Broken Controllers: Fire Emblem Awakening

    Well I'm still working through my playthrough of Fire Emblem Awakening but I feel that now is probably a good time to run it down for you at home. Me and the FE series have a tentative relationship simply because they are a Nintendo product and me and Nintendo spend most of our time together eyeing one another suspiciously; I think their design studio died and they seem to think I'm five. This is countered when they release a Fire Emblem game. It should be noted here at the top that I own the special 3DS that they released when Awakening came out and if it hadn't been released I probably wouldn't own one.

    Well let's get into the game shall we?
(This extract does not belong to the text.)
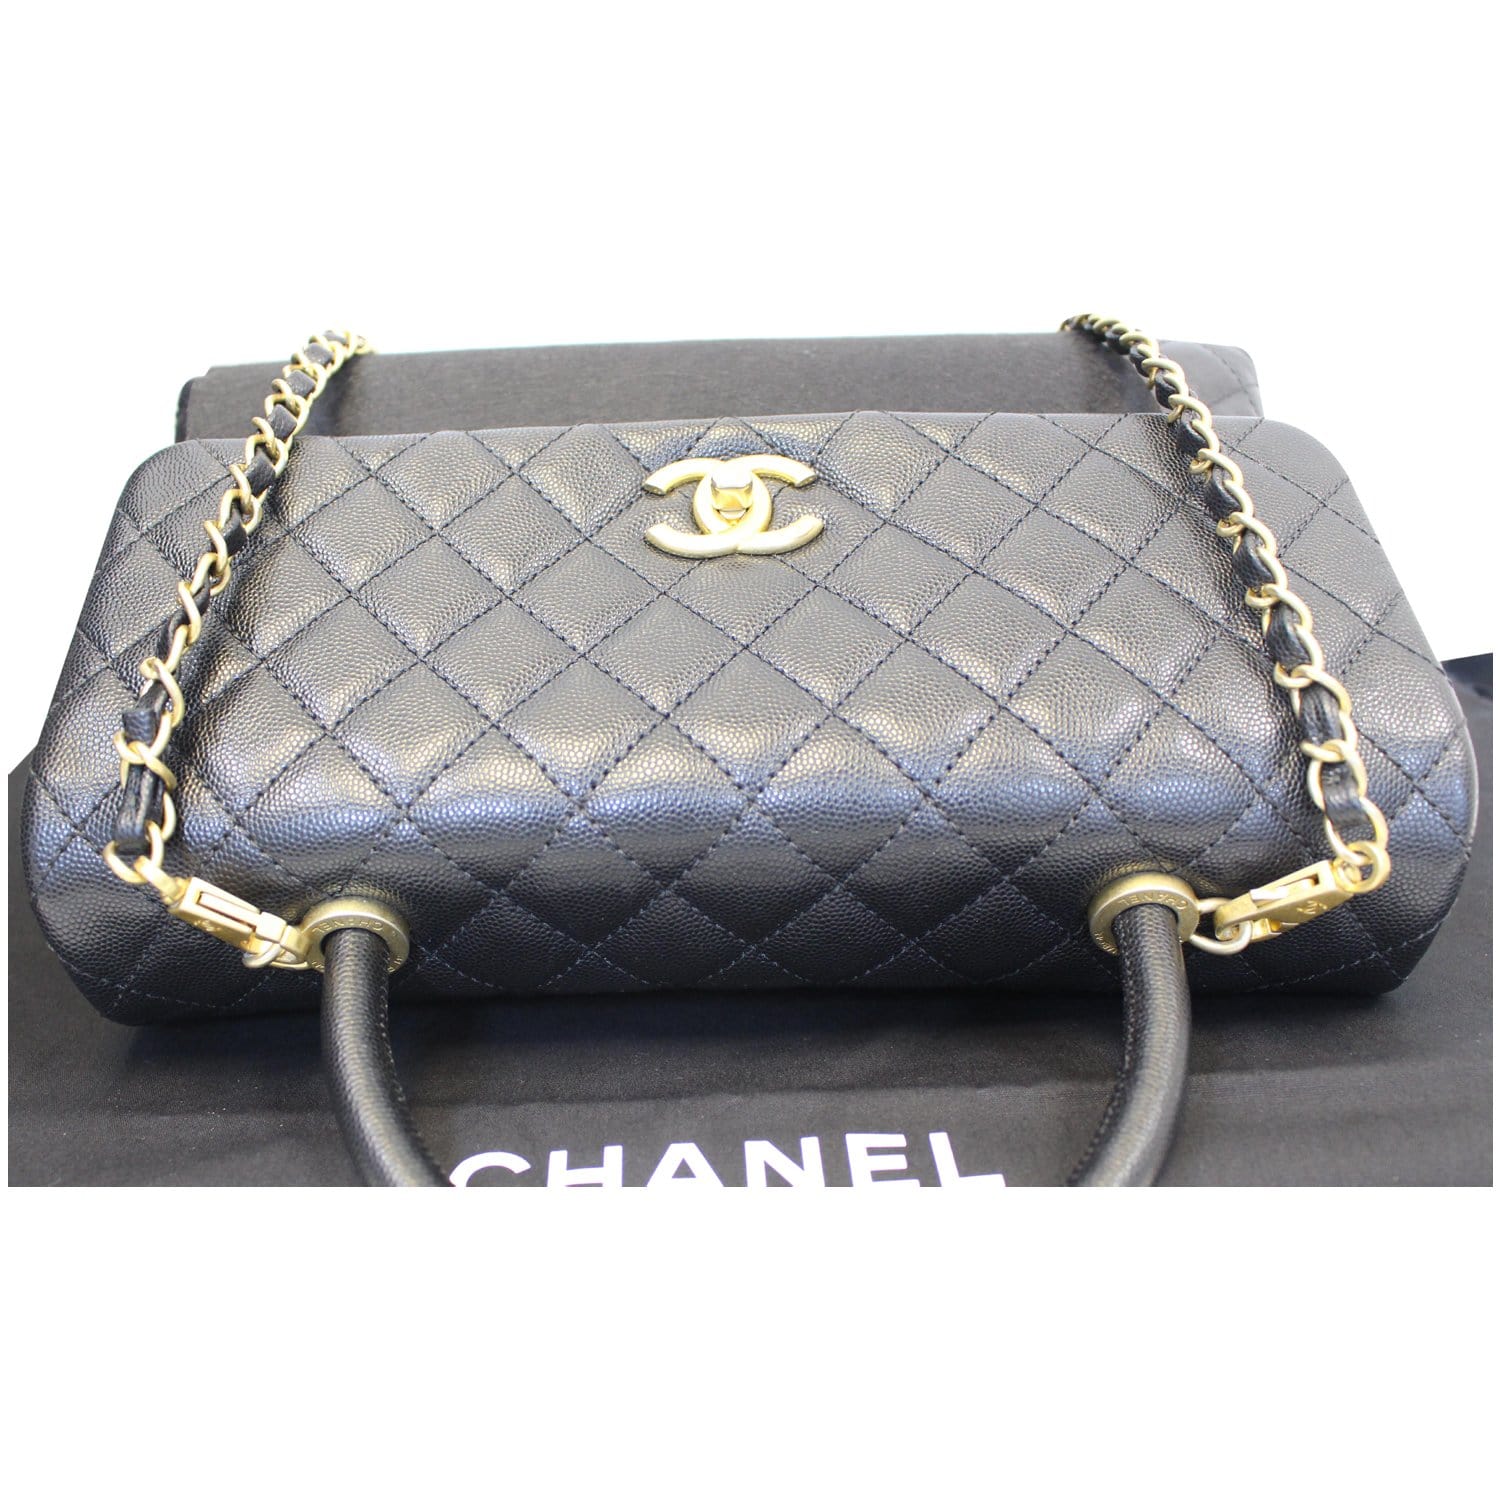 Chanel Authenticated Handbag

    The game is a top down tactical game in which you are given a limited number of units on a given map and often your only goal is to eliminate everything that isn't you. The system as Geremy mentioned functions on a RNG, or random number generator, that is influenced by your unit's stats against the opposing unit as well as what kind of weapons the two of you are using. The classes are varied but almost all of them are capped at level 20 forcing you to either use a master seal and upgrade them to a master level class; these are typically more broad classes that enable additional weapons to be used. For example the thief can upgrade into the assassin or the trickster. Both keep his use of the sword but they focus on different stats and add another weapon to the character's arsenal. For assassin that is the bow while the trickster adds a healing staff. Each class change resets the character's weapon skills provided the new class can't use the same weapons forcing them to start out again with the worst weapons in the game. Those classes also grant different skills that can modify the character's abilities. For example the most powerful skill in the game is granted to the dark-flier class; known as Galeforce it enables a character who had already acted on your turn take a second move if they killed an enemy unit.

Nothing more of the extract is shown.